The UI is unaffected by the mod. Turn the light off/on by the tailcap clicky – press for momentary, press and release (i.e., click) for constant on. 

Change output modes by turning the control ring in the head. Arranged from left-to-right (looking down at the light, held in traditional flashlight carry), the modes are level 1 > level 2 > level 3 > level 4 > level 5 > level 6 (max) > standby > tactical strobe. 

No light is produced on standby, but a miniscule current will be drawn to allow the circuit to respond to a ring turn (see below). As always, I recommend you store the light clicked-off at the tailcap, or locked-out by a head twist. 

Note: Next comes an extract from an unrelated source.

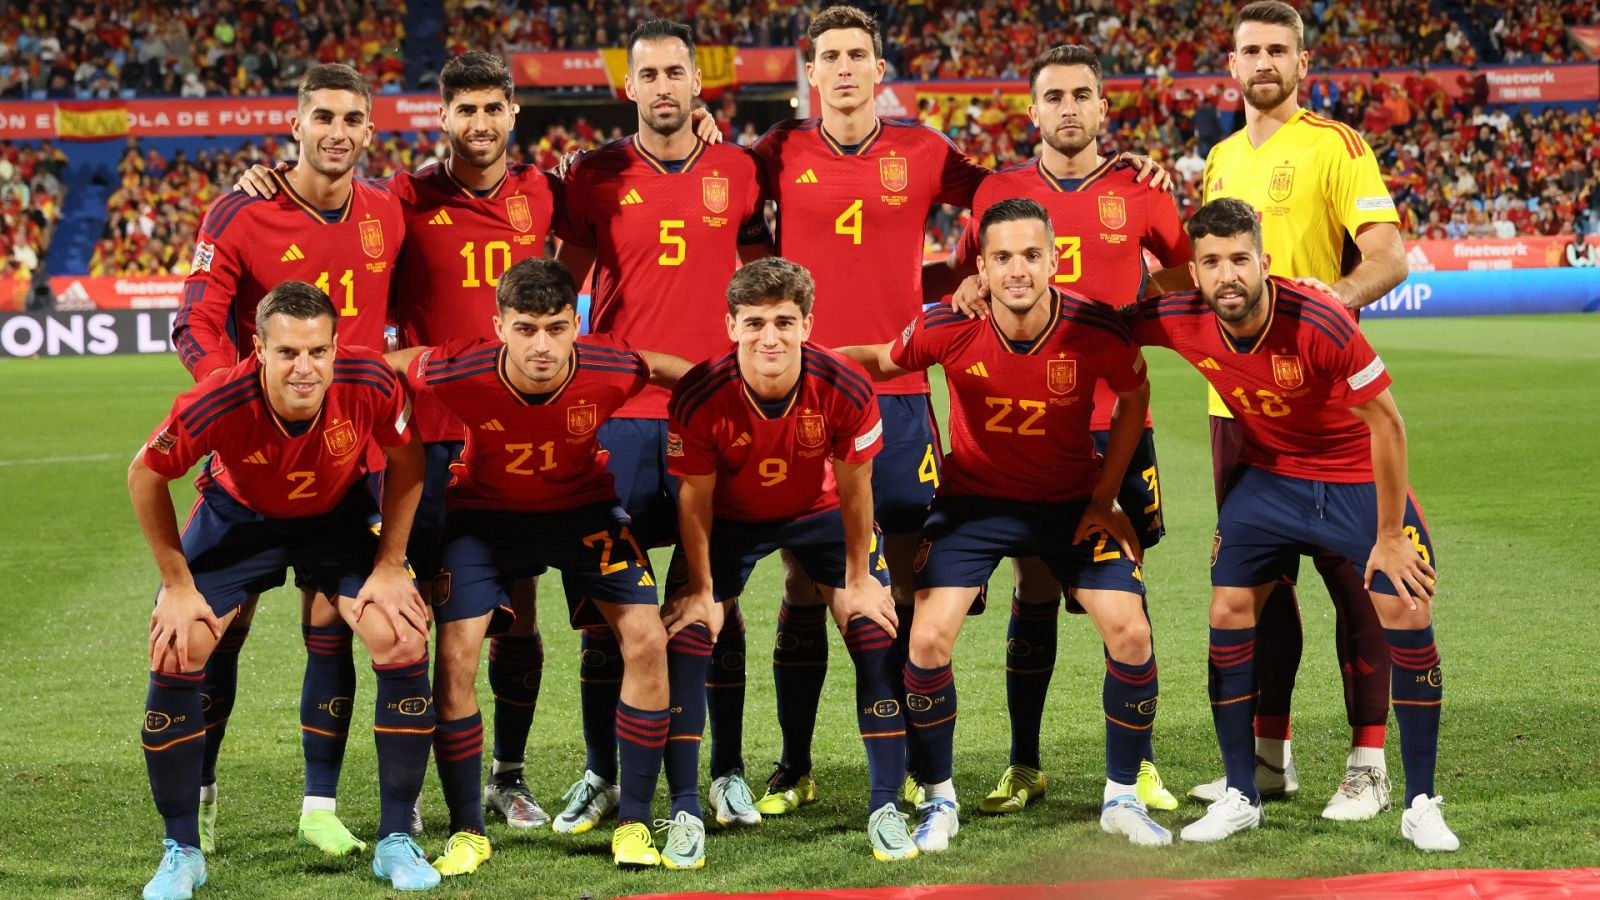 Así es España en Qatar 2022, una nueva generación a confirmar su madurez competitiva

To charge the light, simply attached the magnetic charging dock to the port on the back of the light, and connect the other end of the cable to AC or DC power. Scroll down for an analysis of the charging current.

*Video*: 

For more information on the modded K50vn, please see my brief overview here:



For more detailed information on the K50, including general build and user interface, please see my video overview:



As with all my videos, I recommend you have annotations turned on. I commonly update the commentary with additional information or clarifications before publicly releasing the video. 

*Strobe*

There is no sign of PWM on any level – the light is current-controlled. :thumbsup:






The K50 uses an oscillating strobe design, switching between two frequencies every ~0.55secs or so. Here is a blow up of the two frequencies:










As you can see, it rapidly switches between 15.0Hz and 6.5Hz. I haven't bothered re-testing the K50vn, but it looks to be unaltered

*Charging Current*

Because the AC charger uses a USB connector to the charging cable, I was able to take direct measures of the charging parameters on the stock K50 (these should be the same for the K50vn). For these measures, I am using the new Xtar VI01 "USB Detector" (basically a specialized USB current/voltage meter). This model has recently been favorably reviewed by HKJ here.

For charging tests, I started with discharged AW protected 18650 cells, measuring ~3.0-3.4V at rest. For all these tests, I removed the USB detector after each reading was taken. Note that the voltage reading on this device refers to the input voltage (i.e., from the charging brick).

Initial charging current and input voltage:










As you can see, charging started at 1.68A with a typical USB 5.41V input voltage ("U" is meant to represent Volts on the top display above). This is reasonable given all the cells were not fully discharged. Recall that the AC adapter has a max charging rate of 2A.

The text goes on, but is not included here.